▶ _WORK TO COMPLETE_
Within the entries below, please retype exactly the lines starting with the line that has "[MLB] 5월 29일 피츠버그 vs 뉴욕메츠 ★토토군 분석★" and going on through the line that has "G. F. Handel", but not the pictures.

▶ _PROVIDED RECORDS_
--------------------
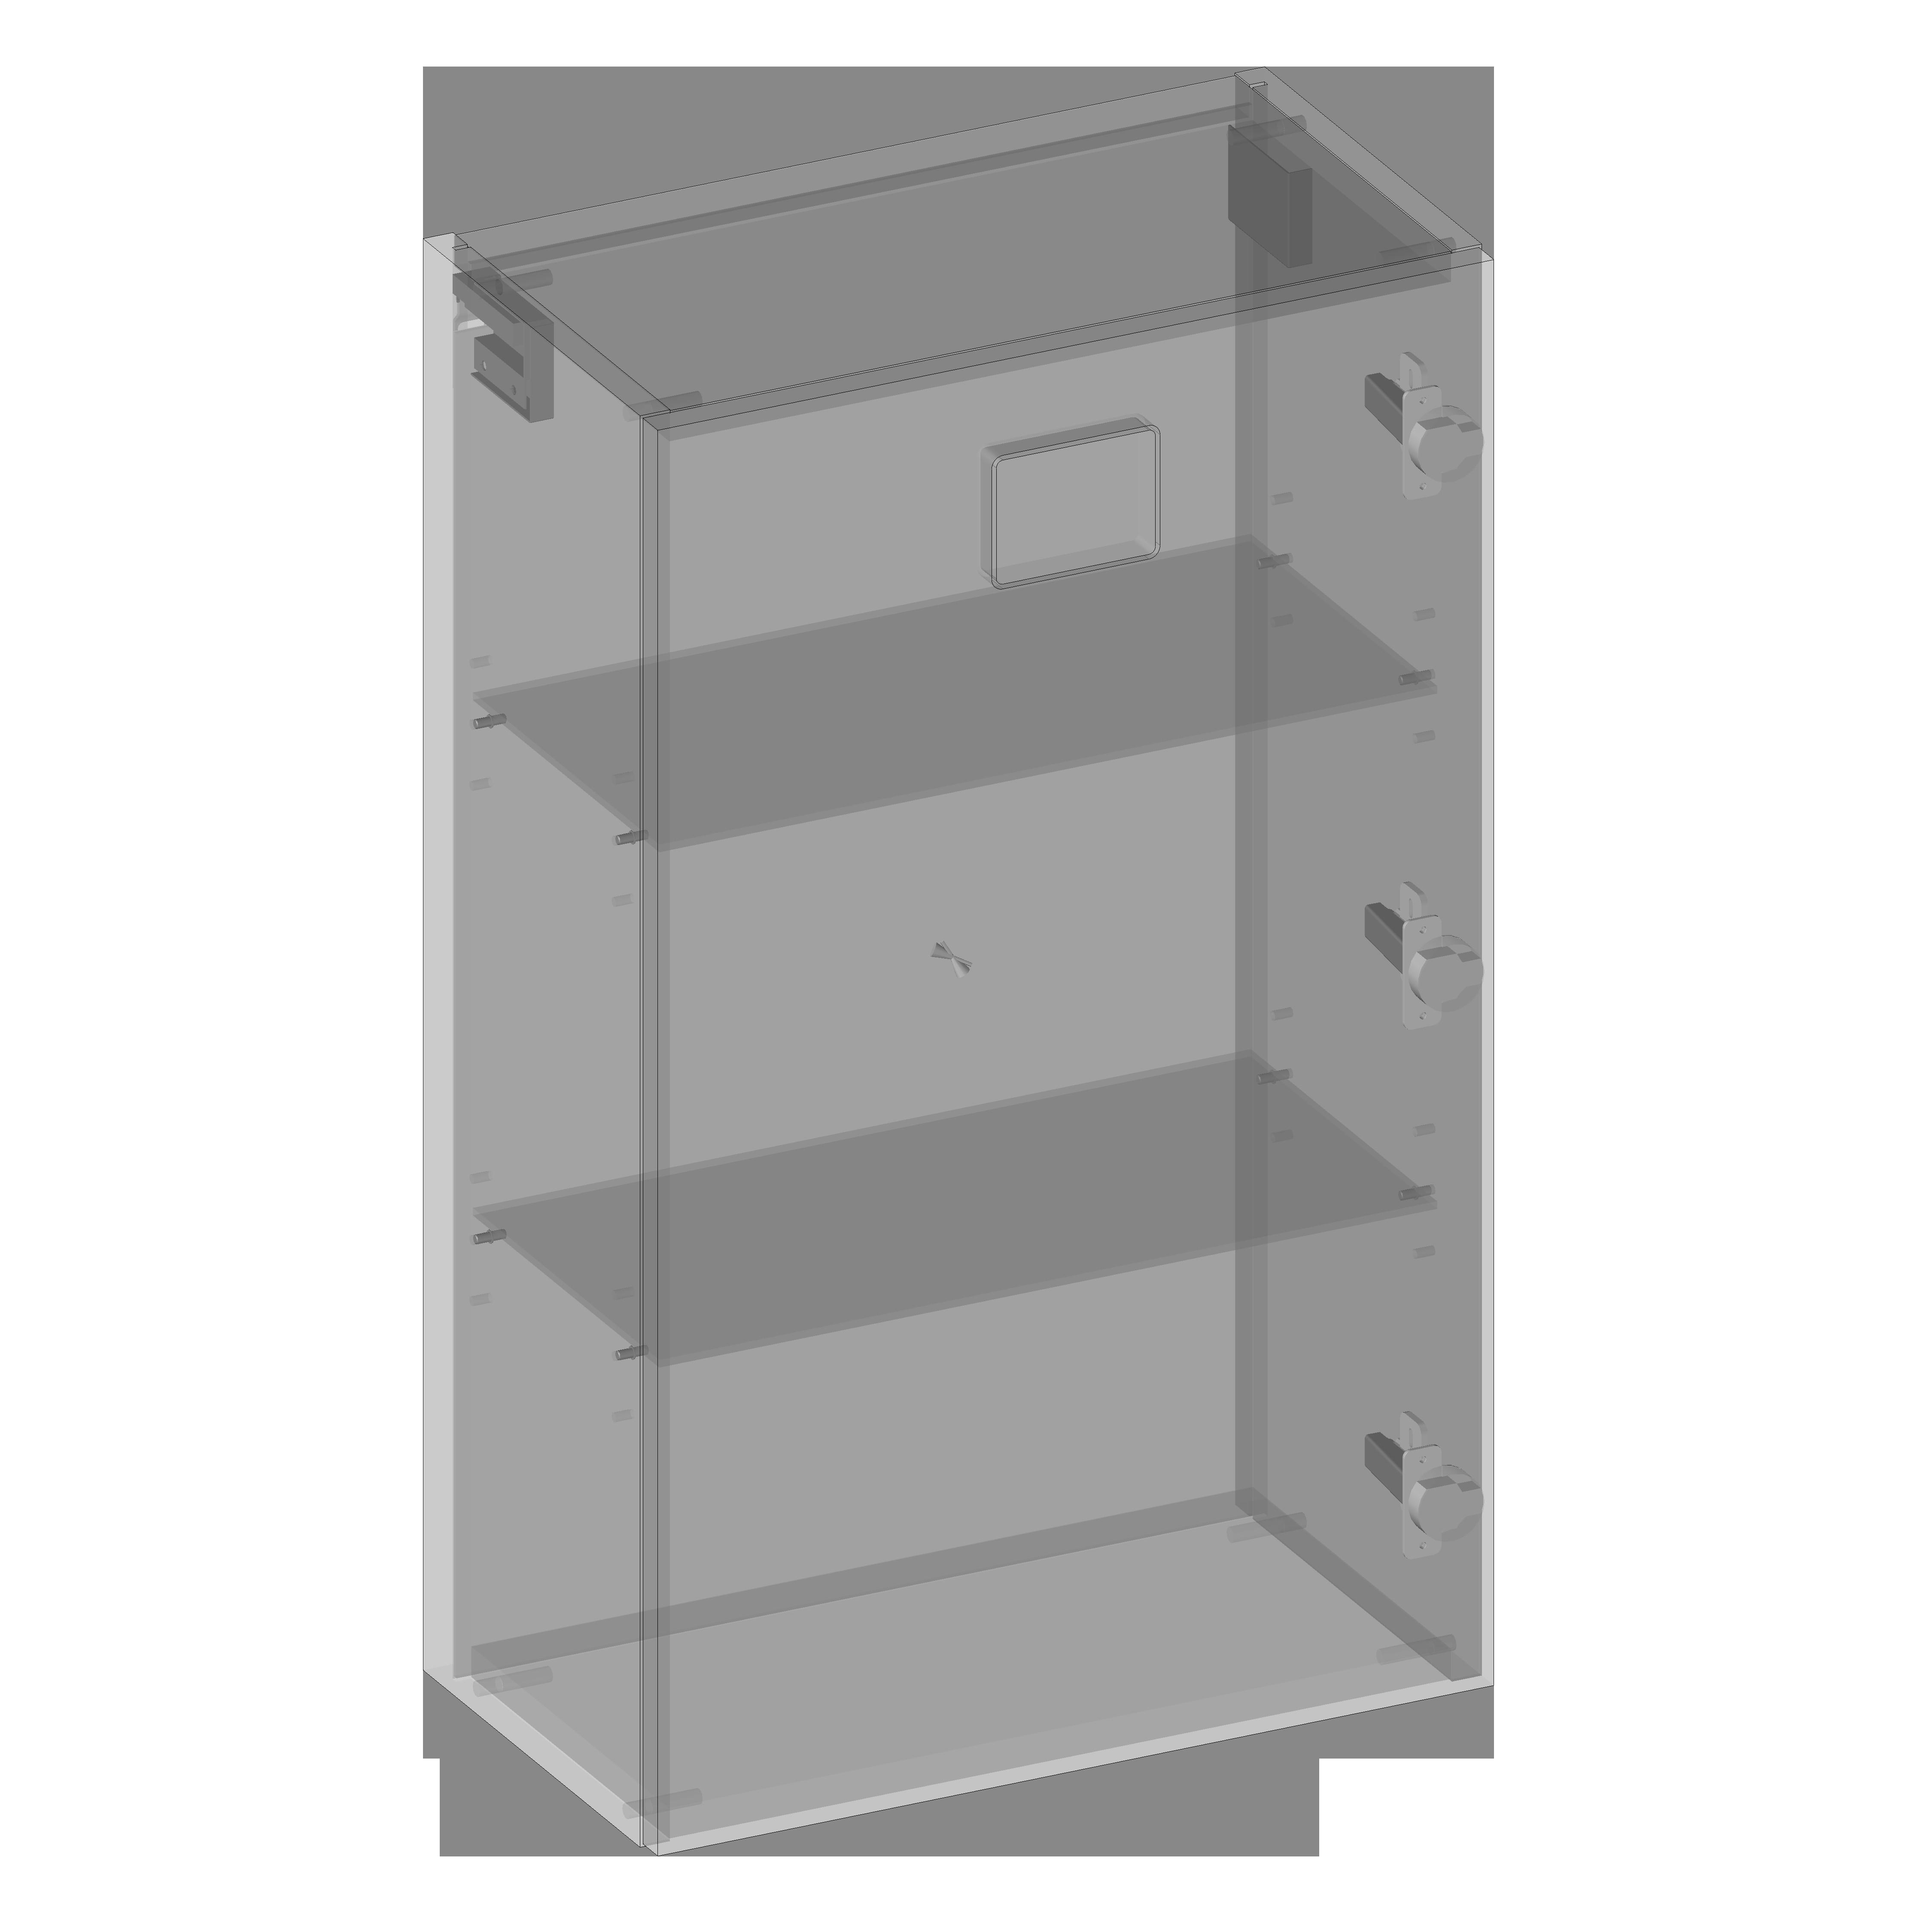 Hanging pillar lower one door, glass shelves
--------------------
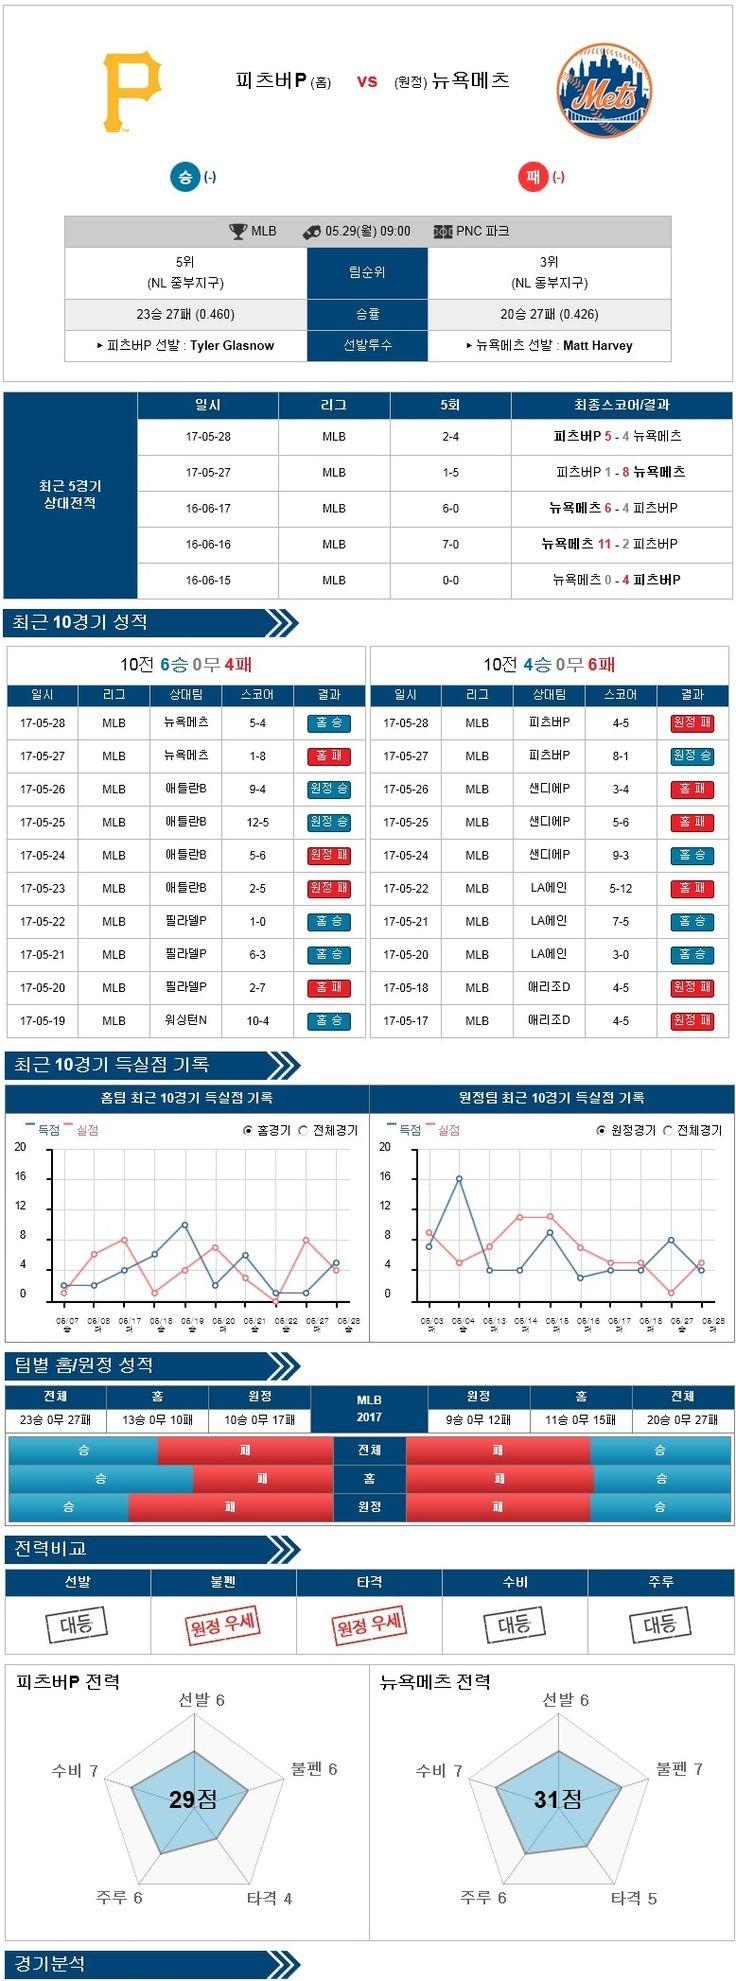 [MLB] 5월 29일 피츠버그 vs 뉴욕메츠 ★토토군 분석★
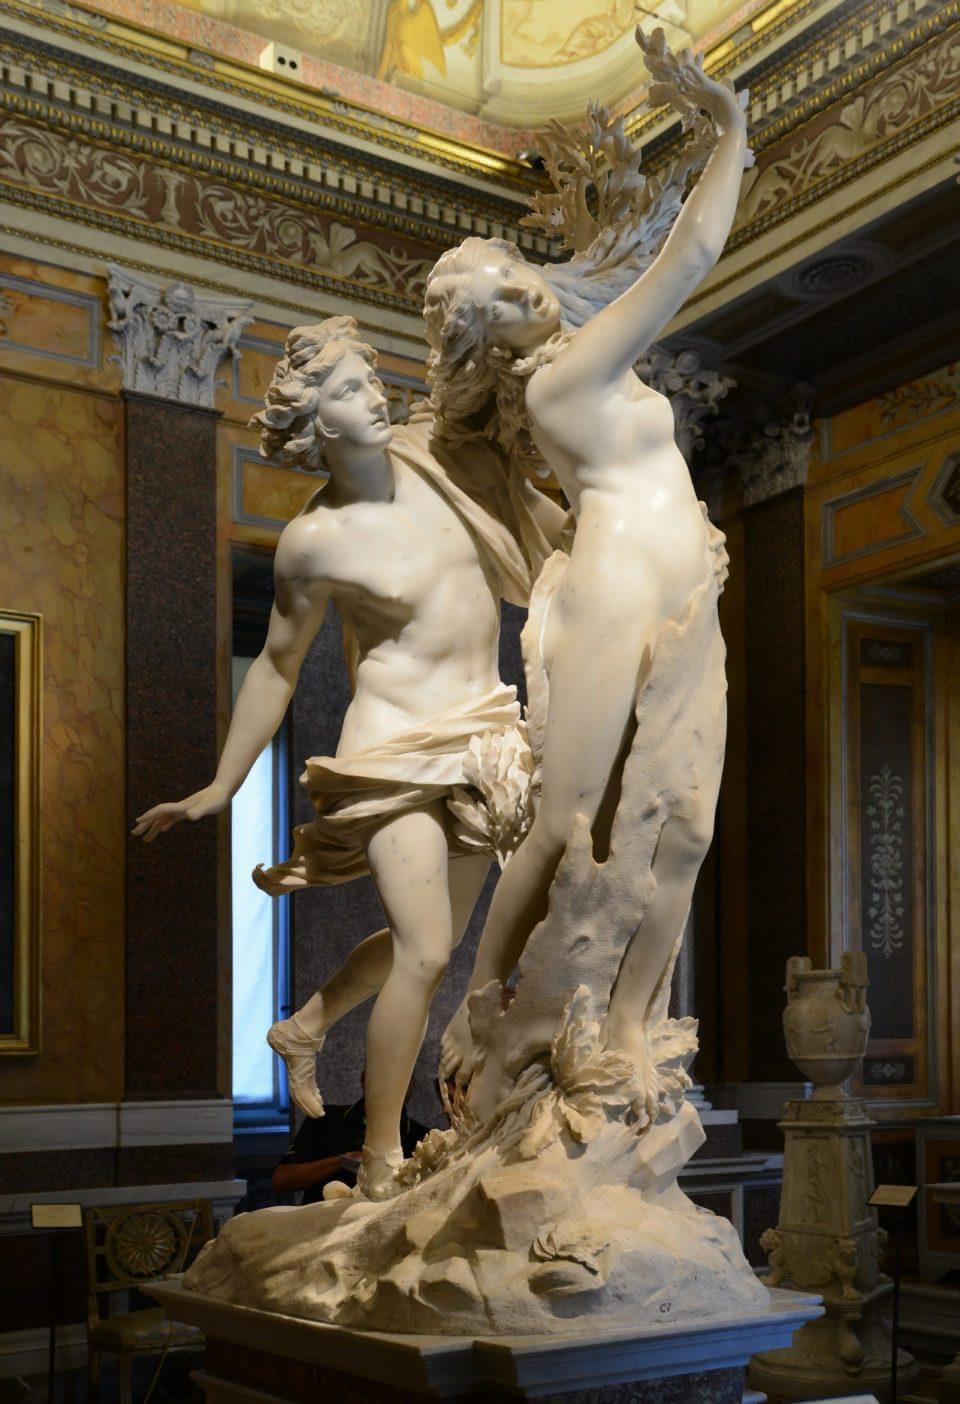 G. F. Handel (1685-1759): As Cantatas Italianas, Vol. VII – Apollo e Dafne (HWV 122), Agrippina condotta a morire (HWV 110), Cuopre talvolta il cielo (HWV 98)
--------------------
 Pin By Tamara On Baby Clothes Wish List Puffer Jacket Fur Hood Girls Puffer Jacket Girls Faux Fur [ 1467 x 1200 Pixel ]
--------------------
▶ _ANSWER BOX_
 [MLB] 5월 29일 피츠버그 vs 뉴욕메츠 ★토토군 분석★
 G. F. Handel (1685-1759): As Cantatas Italianas, Vol. VII – Apollo e Dafne (HWV 122), Agrippina condotta a morire (HWV 110), Cuopre talvolta il cielo (HWV 98)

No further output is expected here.